Что запрет приходит первым, доказывается тем, что он же остается и последним, что он сохраняется до самого критического момента кризиса, даже тогда, когда система уже исчезла. Никогда прежде запрет не выходил из тени. Он оставался в жертвенном укрытии, которое защищает основные различия и в наши дни продолжается в похвальбе трансгрессией.
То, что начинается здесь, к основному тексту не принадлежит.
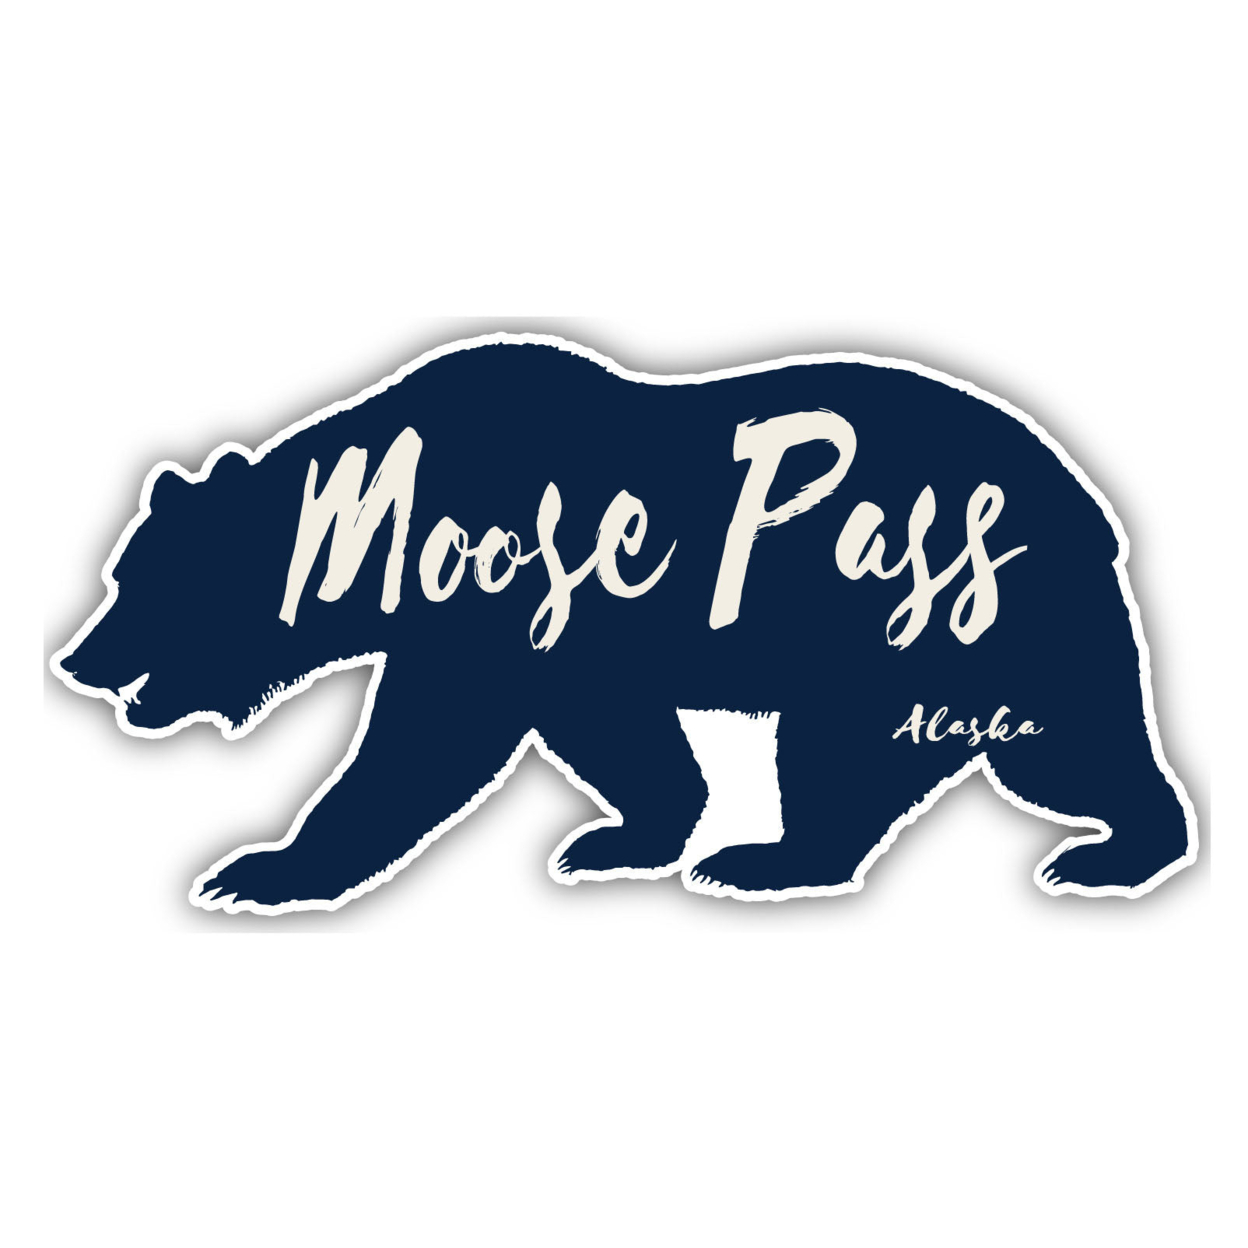 Moose Pass Alaska Souvenir Decorative Stickers (Choose Theme And Size) - Single Unit, 4-Inch, Adventures Awaits

Все попытки подобраться к сущности и генезису культуры, исходя из запрета, всегда терпели крах; в той мере, в какой они удавались, они остались бесплодны, остались непоняты. Так обстоит дело в первую очередь с «Тотемом и табу». В этой книге Фрейд эксплицитно заявляет о приоритете запрета над экзогамными правилами. Подход, который позже выберет Леви-Стросс, был не упущен, а категорически отвергнут:

Объяснение эксогамического ограничения преднамеренным сексуальным законодательством ничего не дает для понимания мотива, создавшего эти институты. Откуда берется в конечном результате боязнь инцеста, в которой приходится призвать корень эксогамии? [89]

Запрет первичен, но эта первичность, как мы видим, всегда понимается в категориях «боязни», «фобии». Чтобы поставить вопрос о происхождении запрета, нужно осуществить «возврат к Фрейду», но не покидая структуралистскую перспективу.